▸ **RAW DATA**

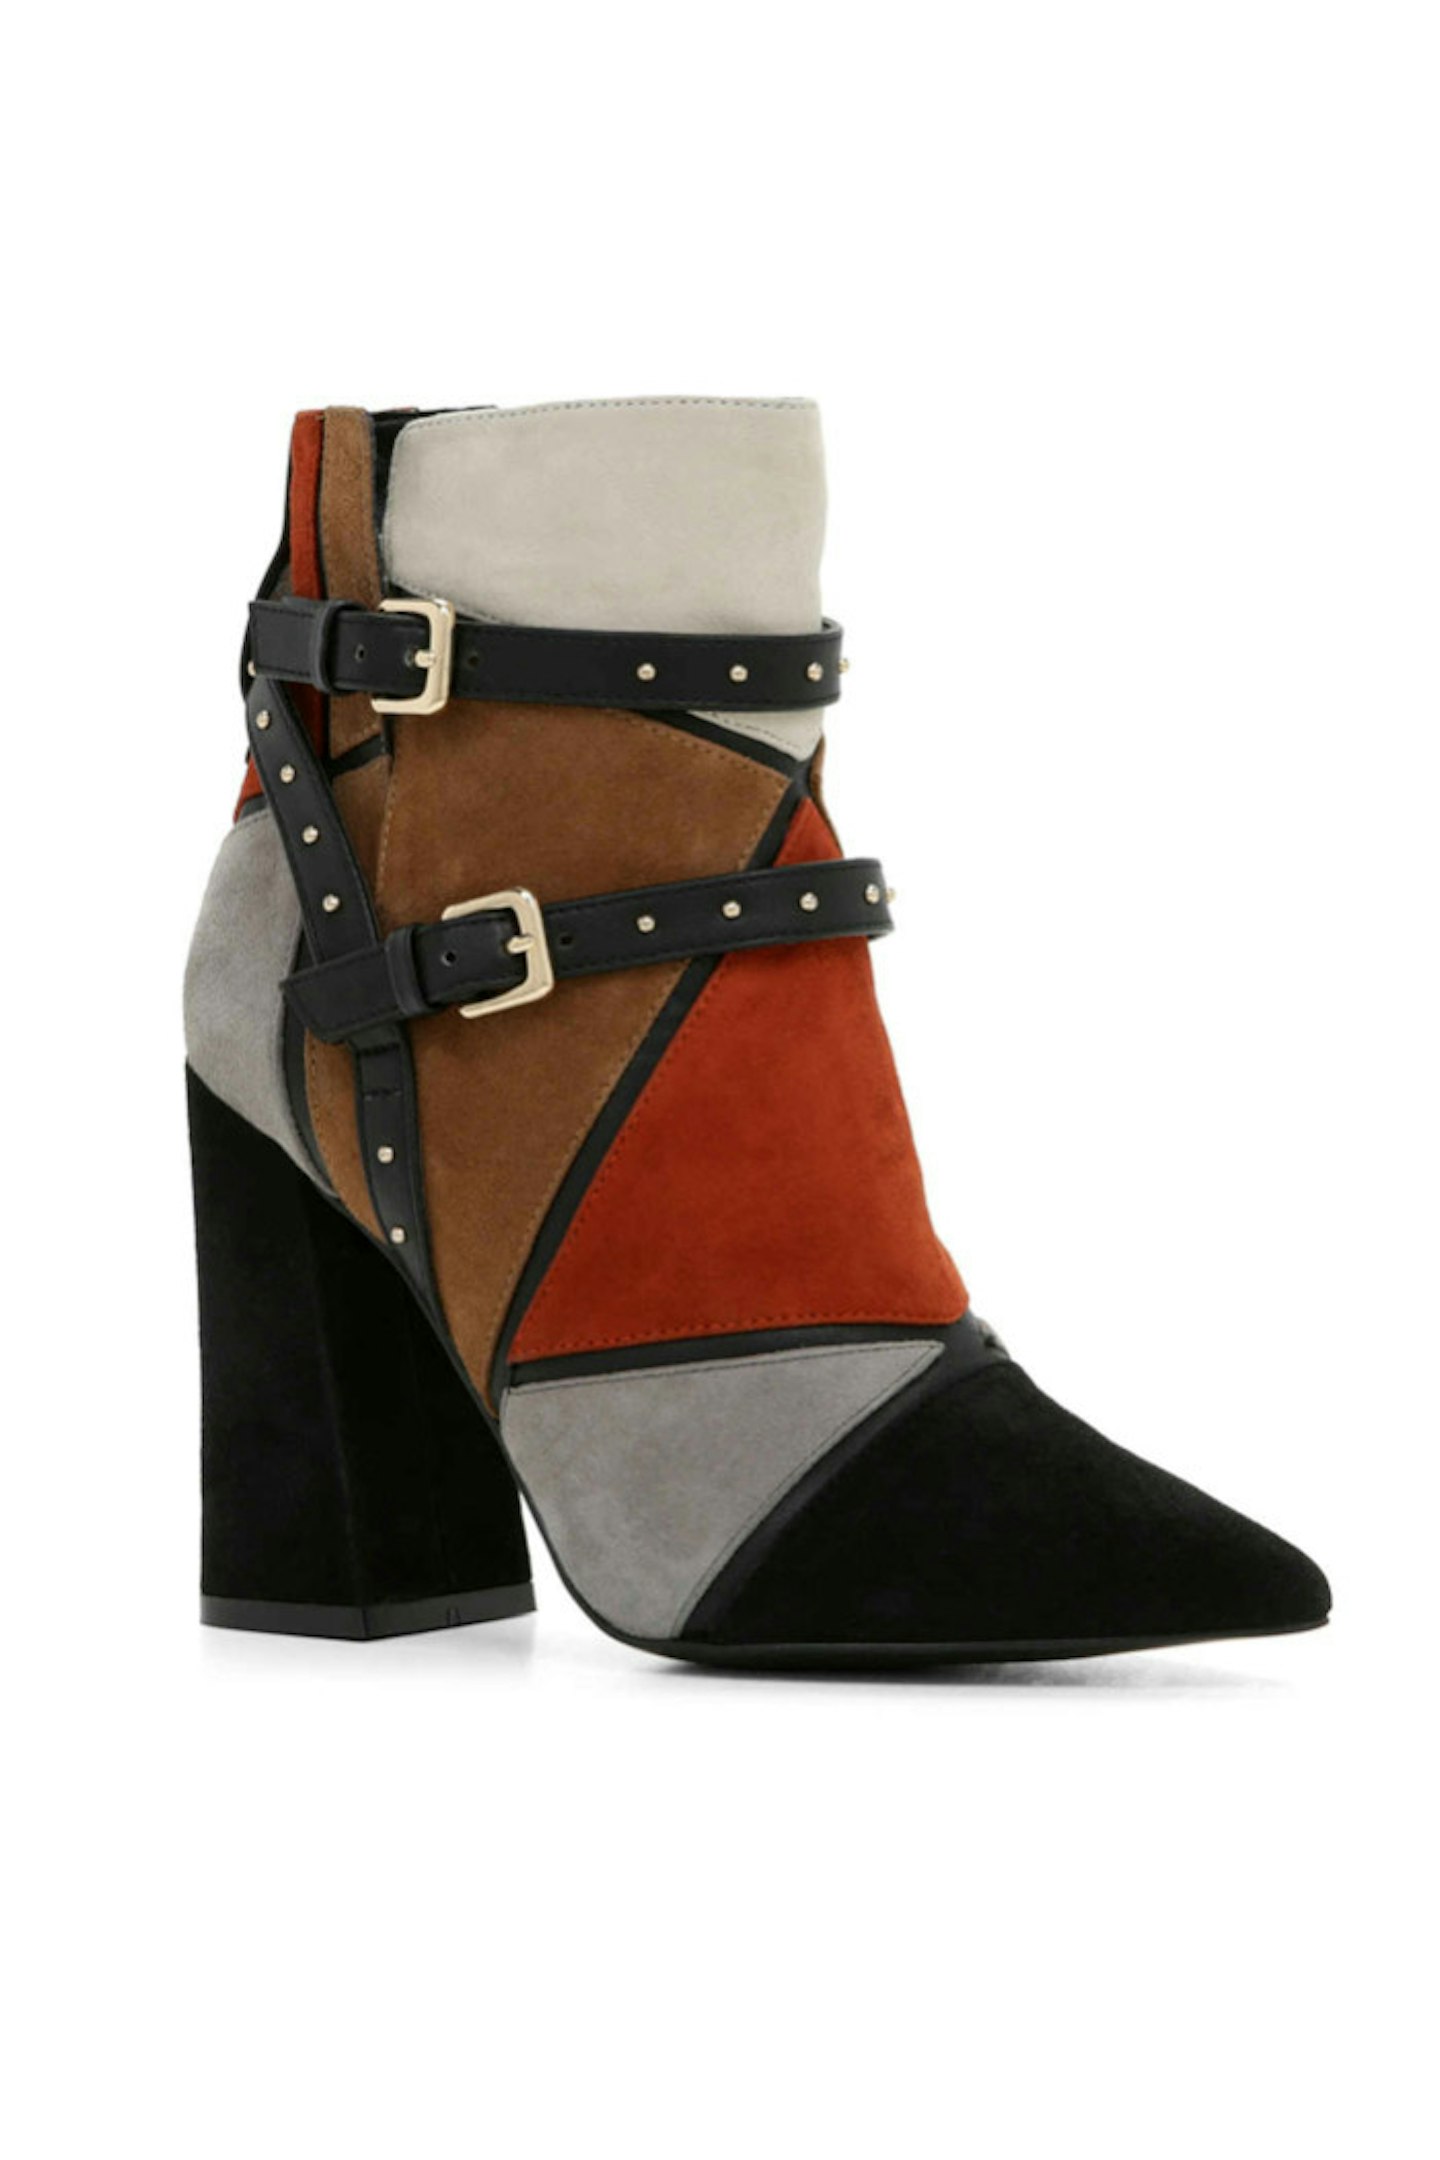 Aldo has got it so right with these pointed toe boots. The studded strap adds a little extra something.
==
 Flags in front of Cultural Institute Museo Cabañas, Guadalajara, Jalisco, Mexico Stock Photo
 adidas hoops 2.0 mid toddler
* * *
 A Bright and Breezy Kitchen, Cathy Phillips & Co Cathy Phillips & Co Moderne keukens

▸ **TASK ITEM**
Your answer should be the lines above, from the line containing "Flags in front" up to and including the line containing "adidas hoops 2.0 mid toddler", reproduced exactly and with nothing else.

▸ **ANSWER**
 Flags in front of Cultural Institute Museo Cabañas, Guadalajara, Jalisco, Mexico Stock Photo
 adidas hoops 2.0 mid toddler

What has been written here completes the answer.